Type the listing below out again exactly. No images.

Data block:
----
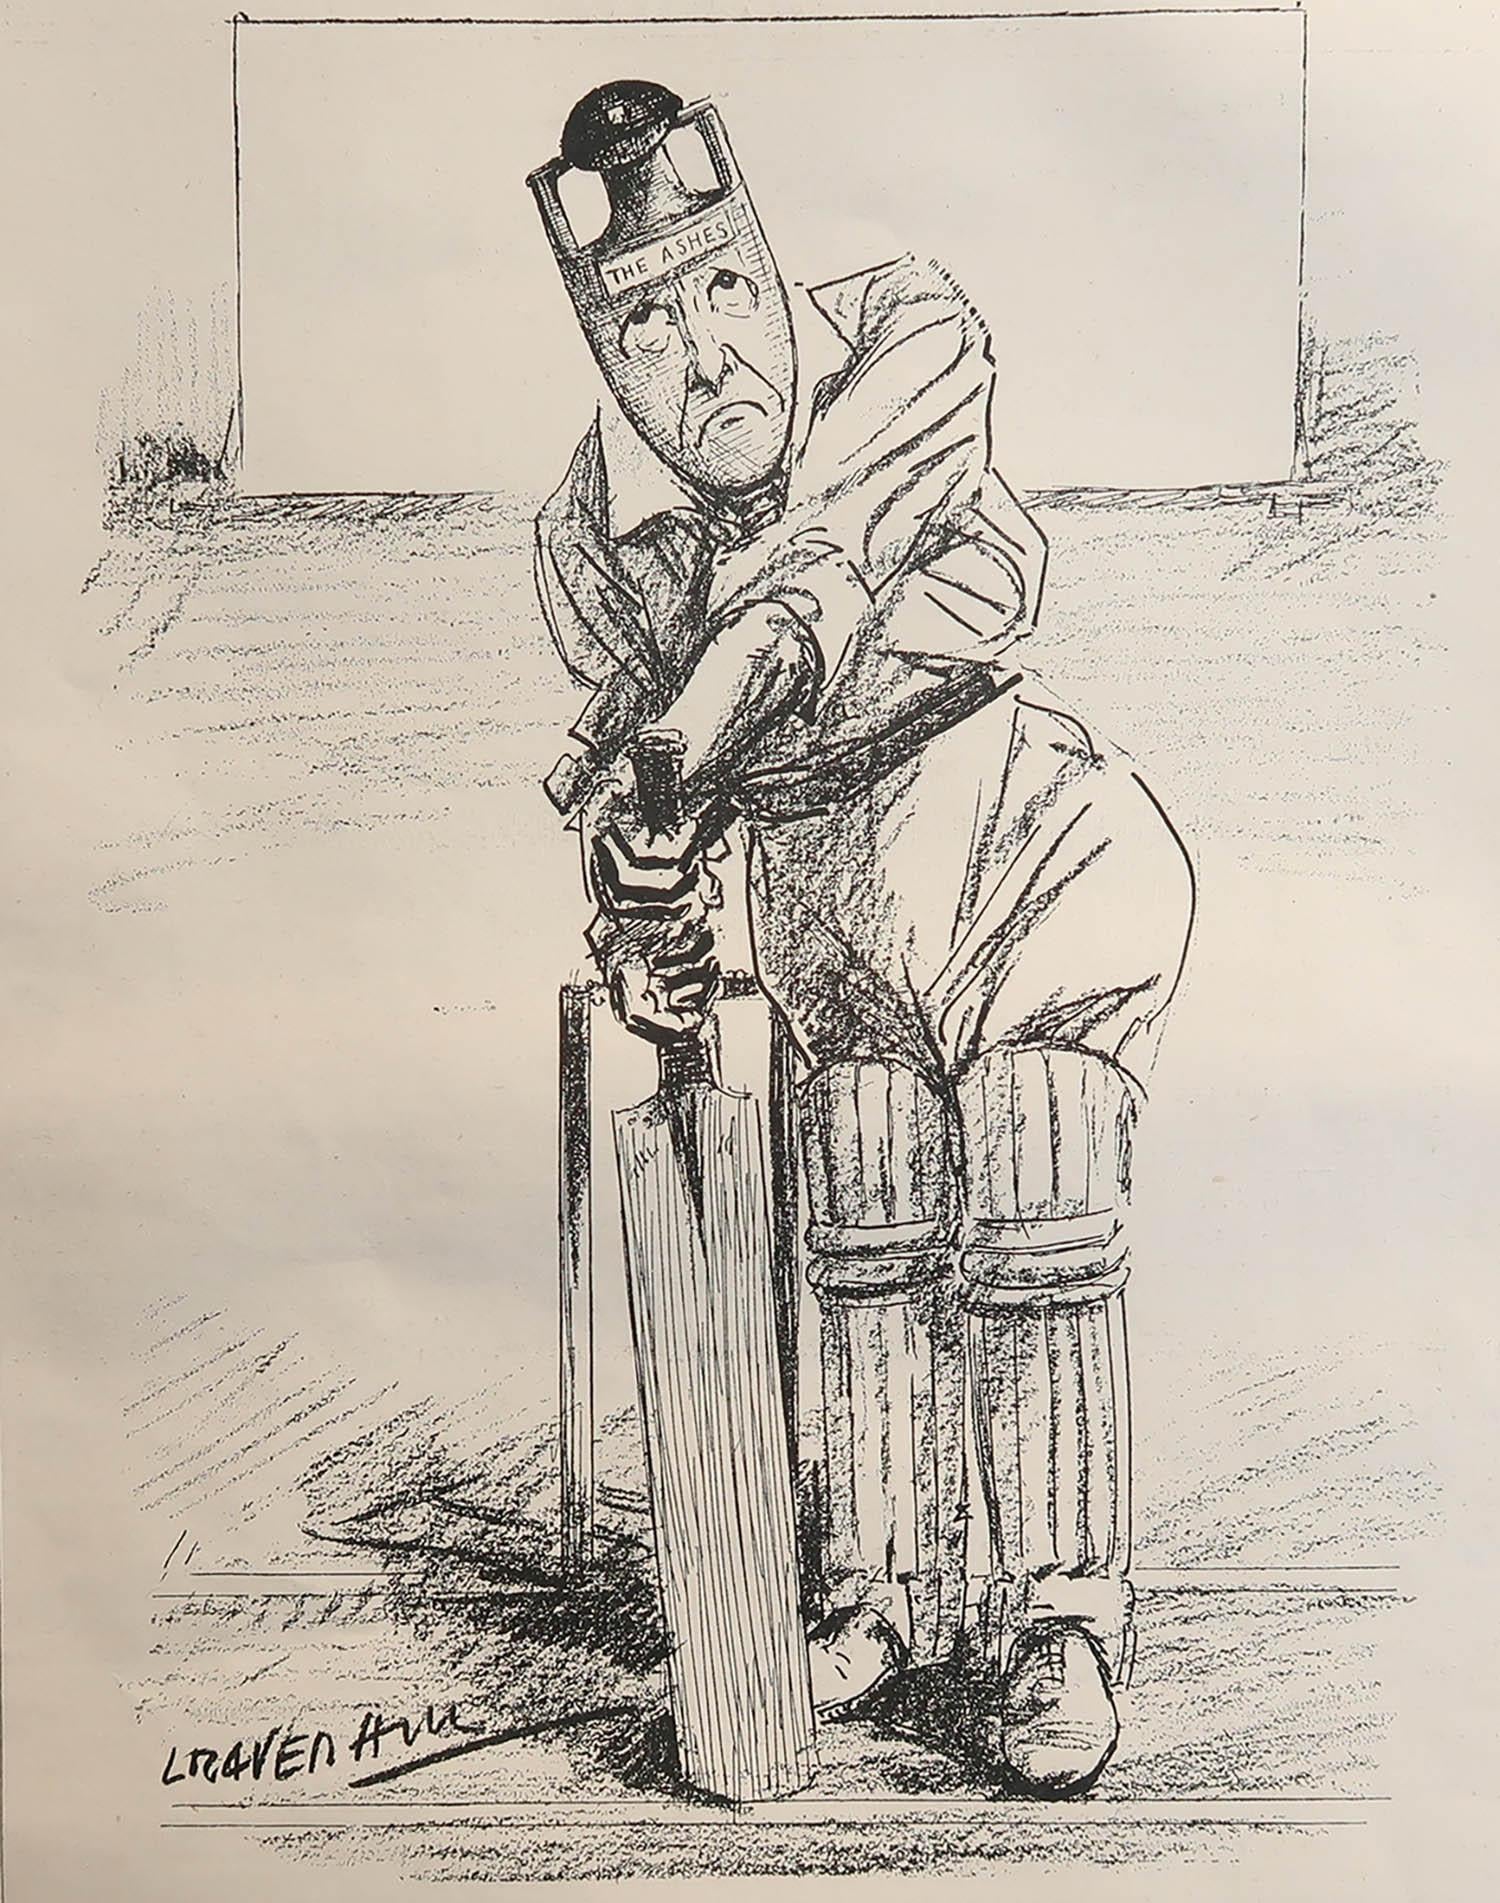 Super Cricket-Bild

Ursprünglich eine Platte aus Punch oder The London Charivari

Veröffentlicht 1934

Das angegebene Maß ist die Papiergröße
----
Your response:
 Super Cricket-Bild

Ursprünglich eine Platte aus Punch oder The London Charivari

Veröffentlicht 1934

Das angegebene Maß ist die Papiergröße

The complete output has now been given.